Reproduction of part of the material below, pictures omitted: copy exactly, and only, the lines starting with the one with "Water summer landscape" and going on through the one with "Healthy albatross can".

[Supplied information]
◇ ◇ ◇ ◇ ◇

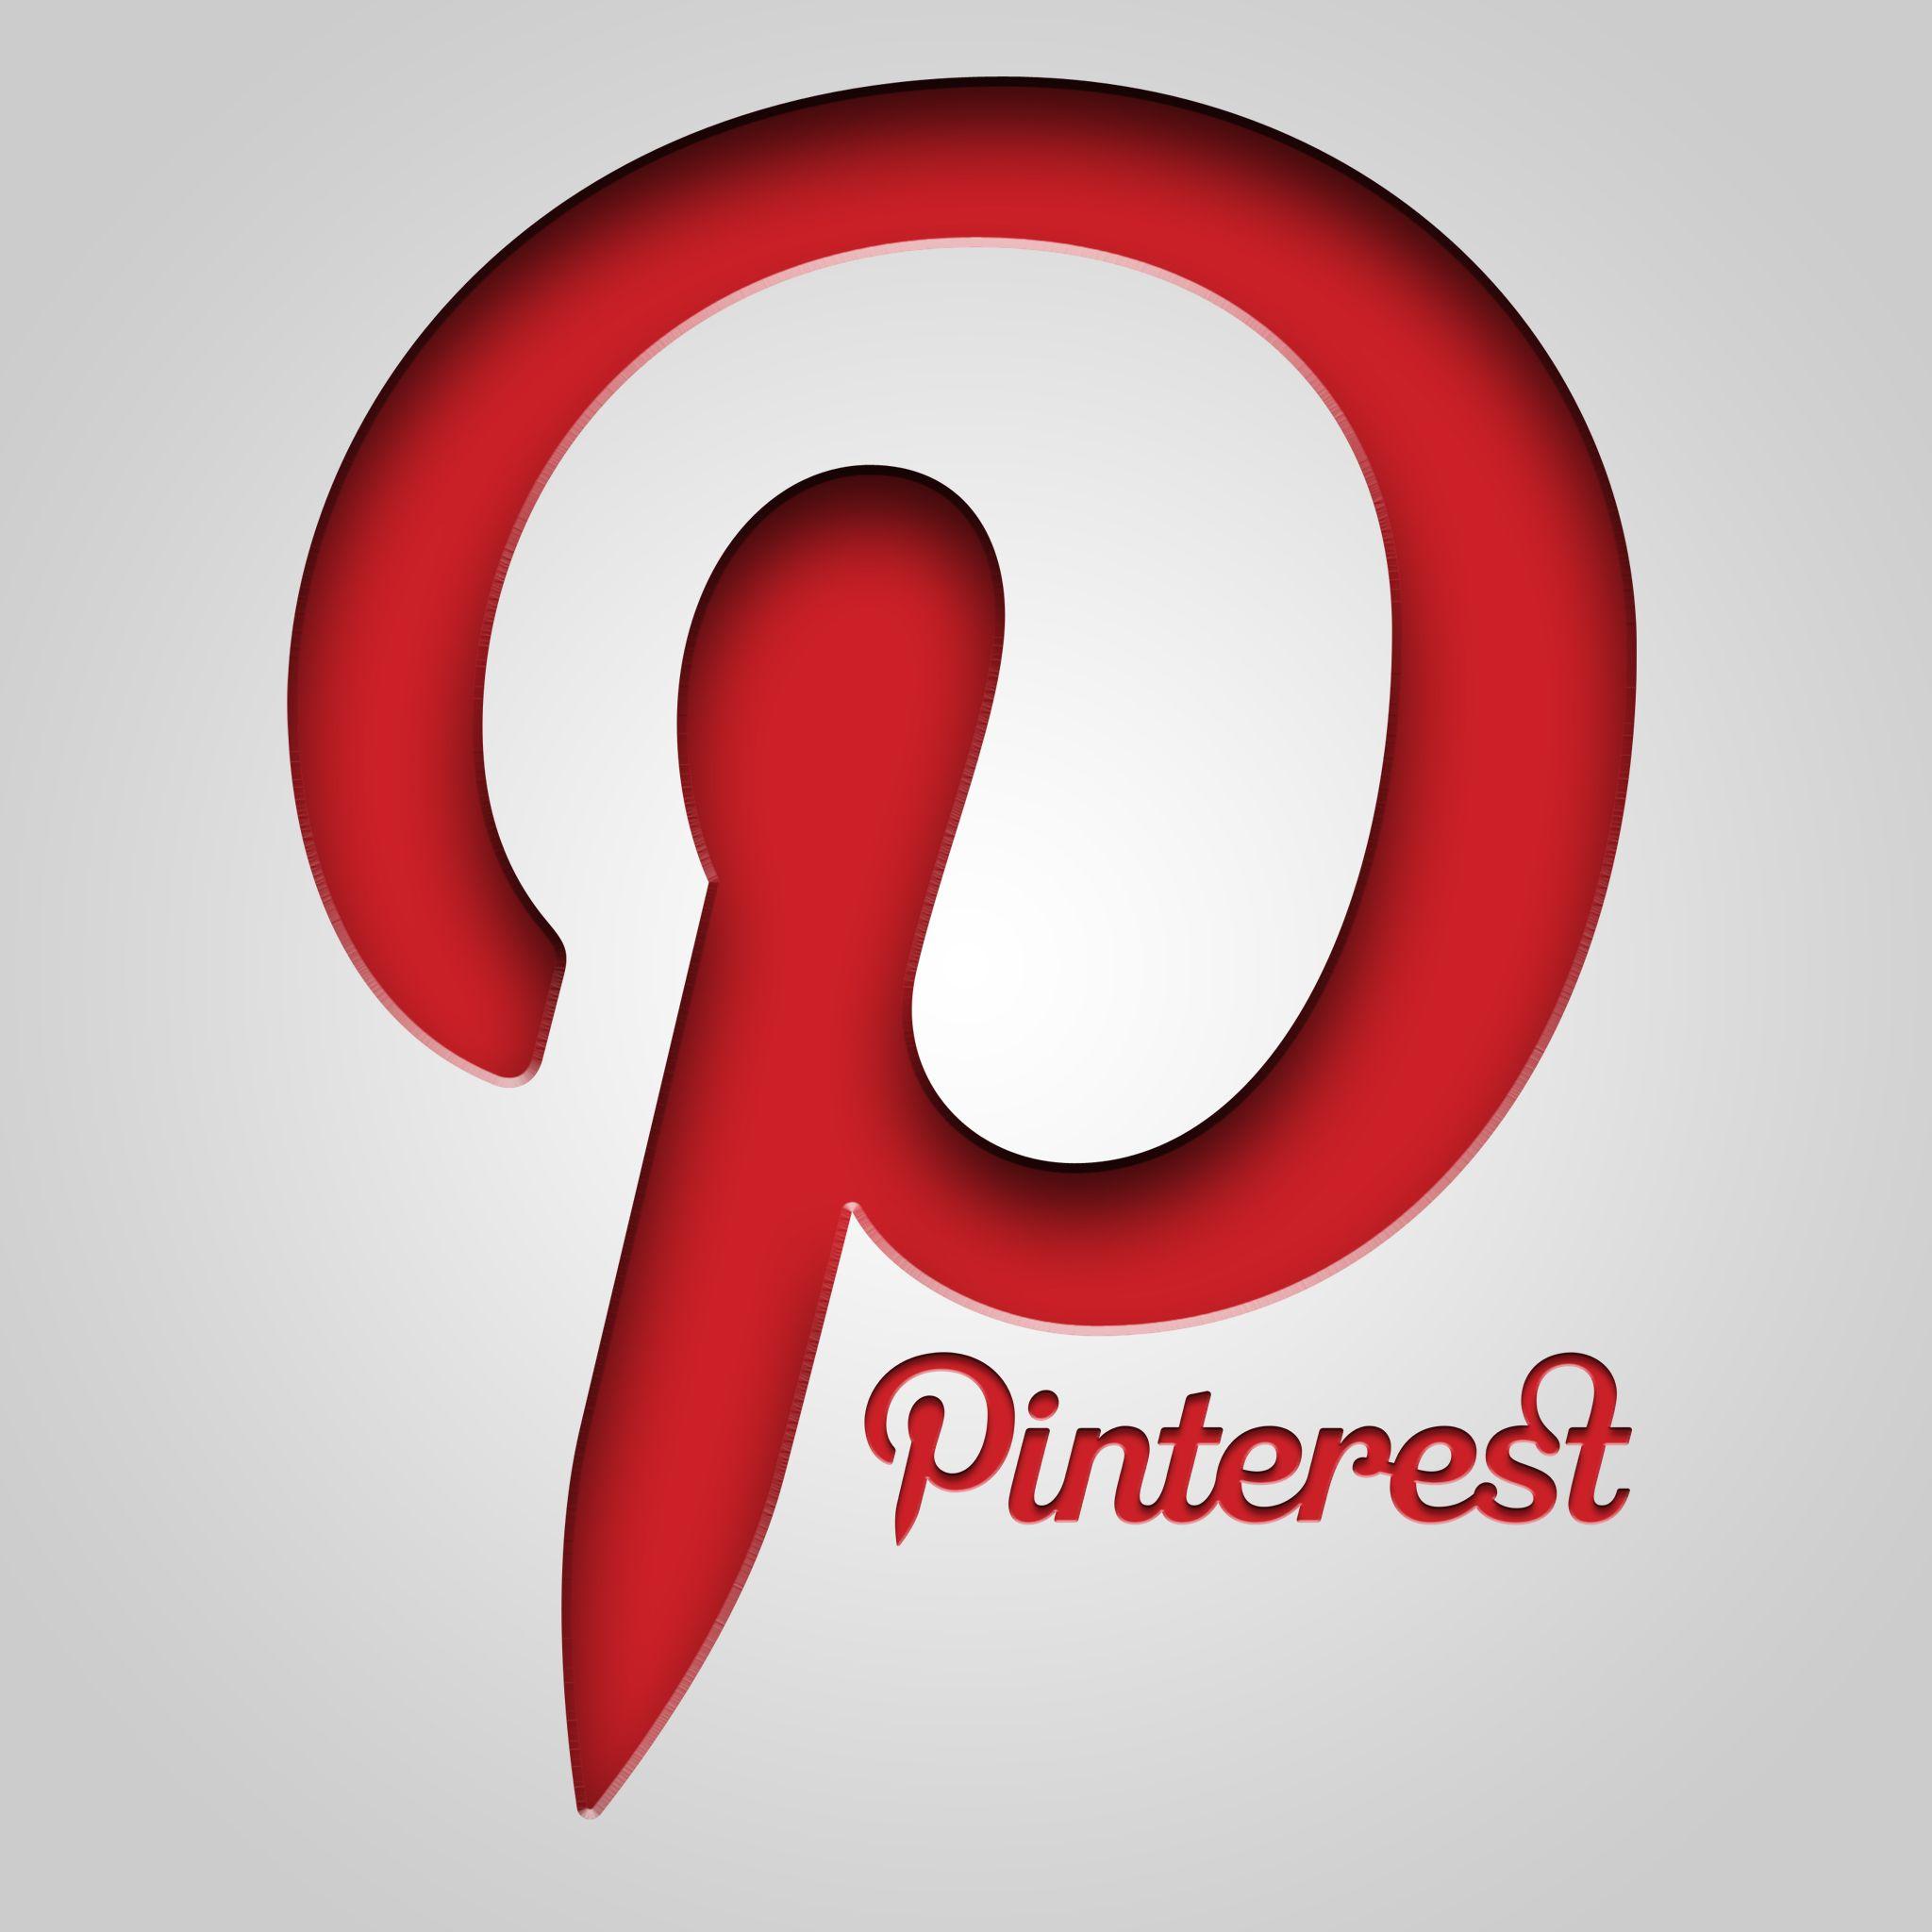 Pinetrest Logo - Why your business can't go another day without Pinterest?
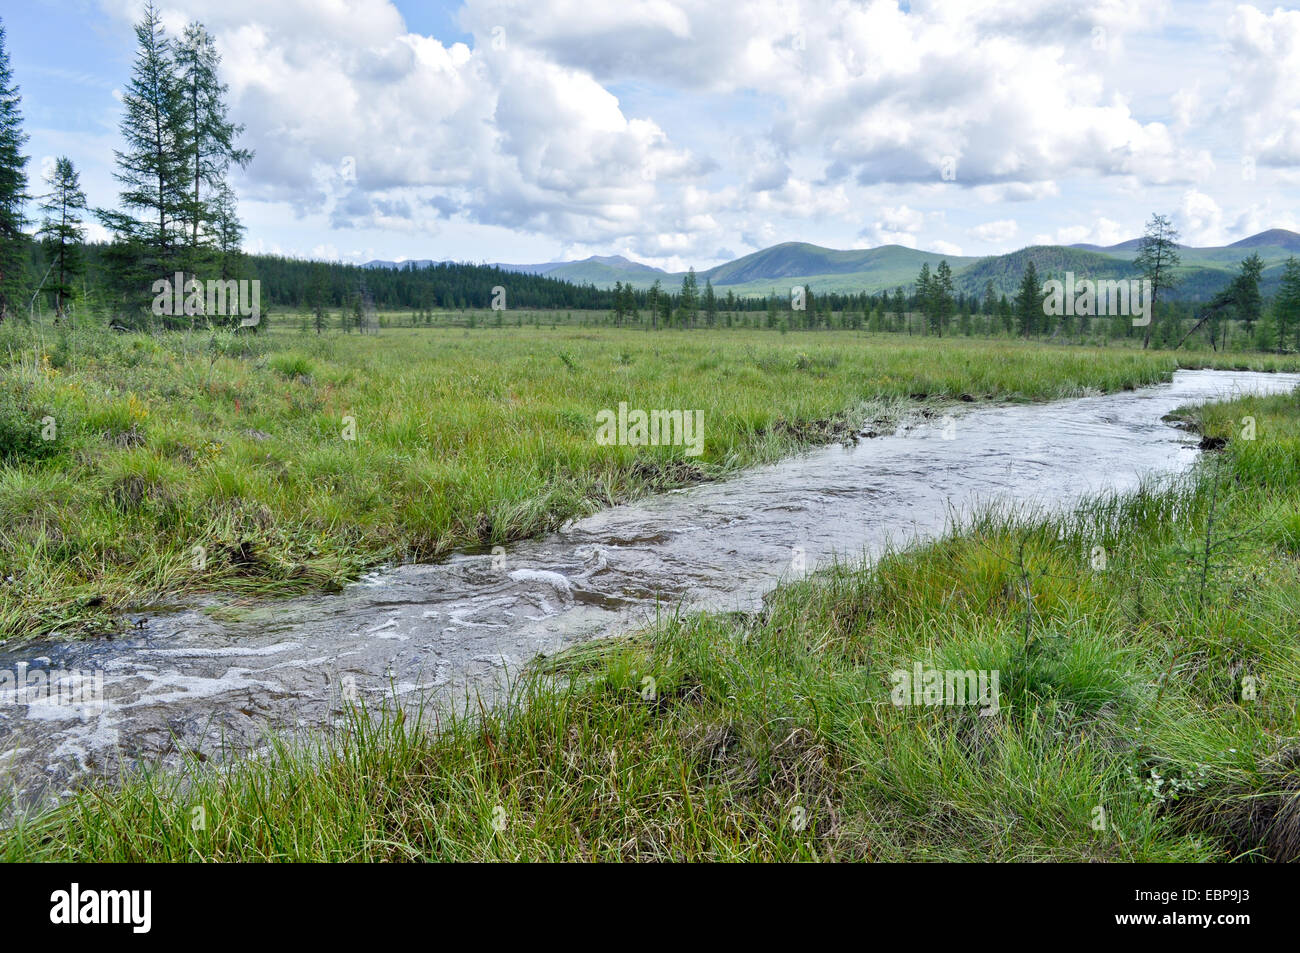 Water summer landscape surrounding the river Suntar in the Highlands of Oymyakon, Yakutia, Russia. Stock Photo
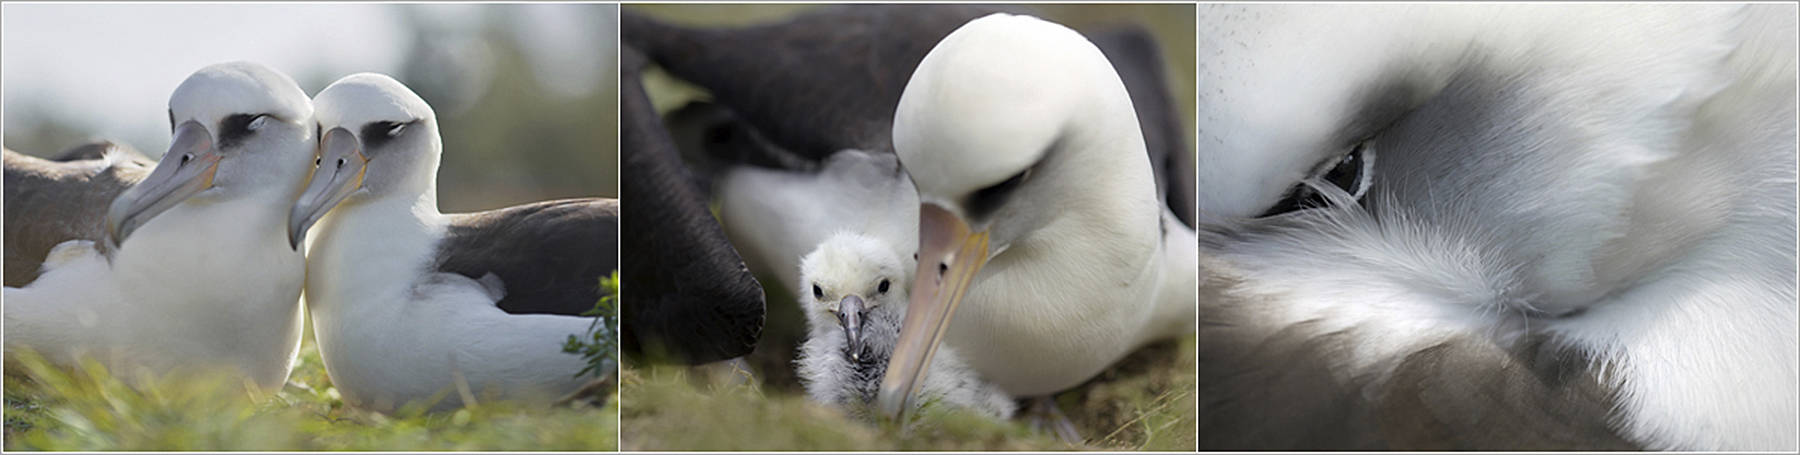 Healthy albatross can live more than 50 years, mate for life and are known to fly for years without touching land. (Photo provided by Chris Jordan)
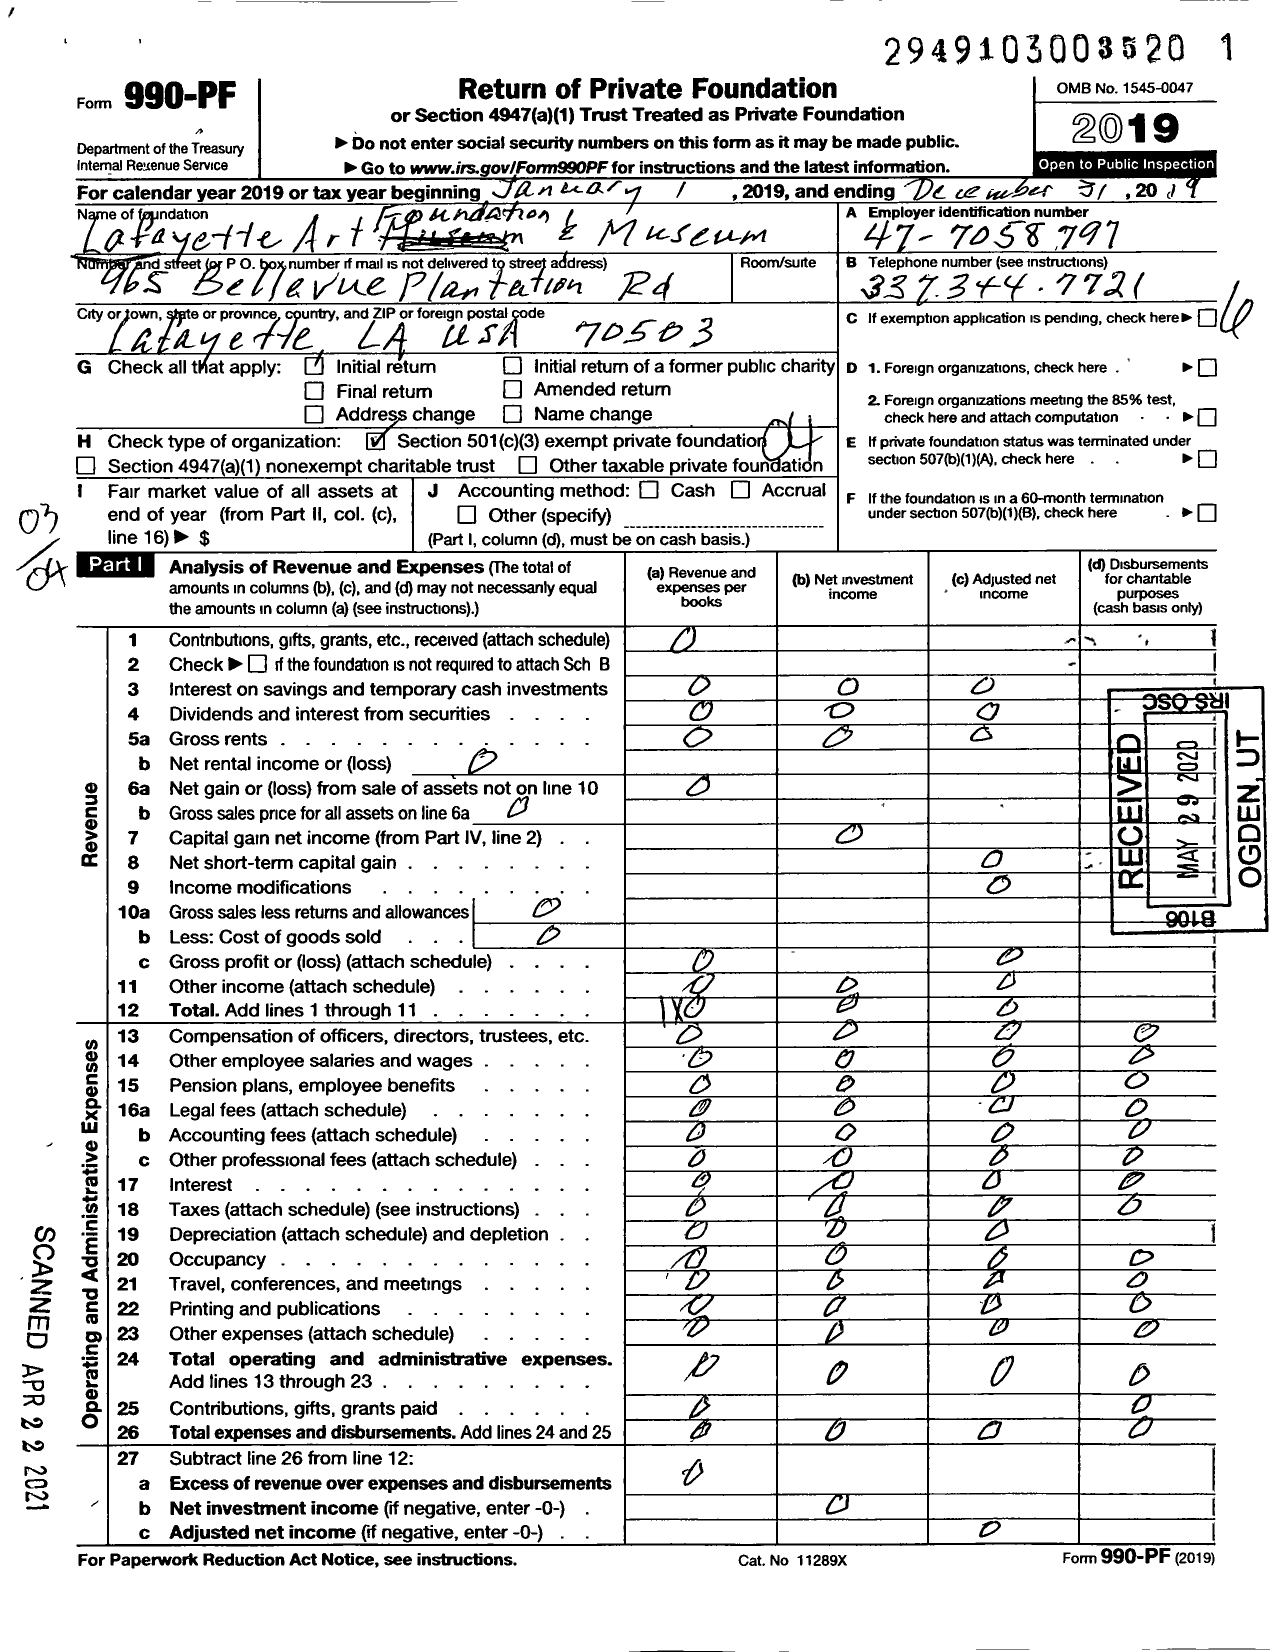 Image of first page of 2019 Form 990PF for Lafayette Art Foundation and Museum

◇ ◇ ◇ ◇ ◇

[Written solution]
 Water summer landscape surrounding the river Suntar in the Highlands of Oymyakon, Yakutia, Russia. Stock Photo
 Healthy albatross can live more than 50 years, mate for life and are known to fly for years without touching land. (Photo provided by Chris Jordan)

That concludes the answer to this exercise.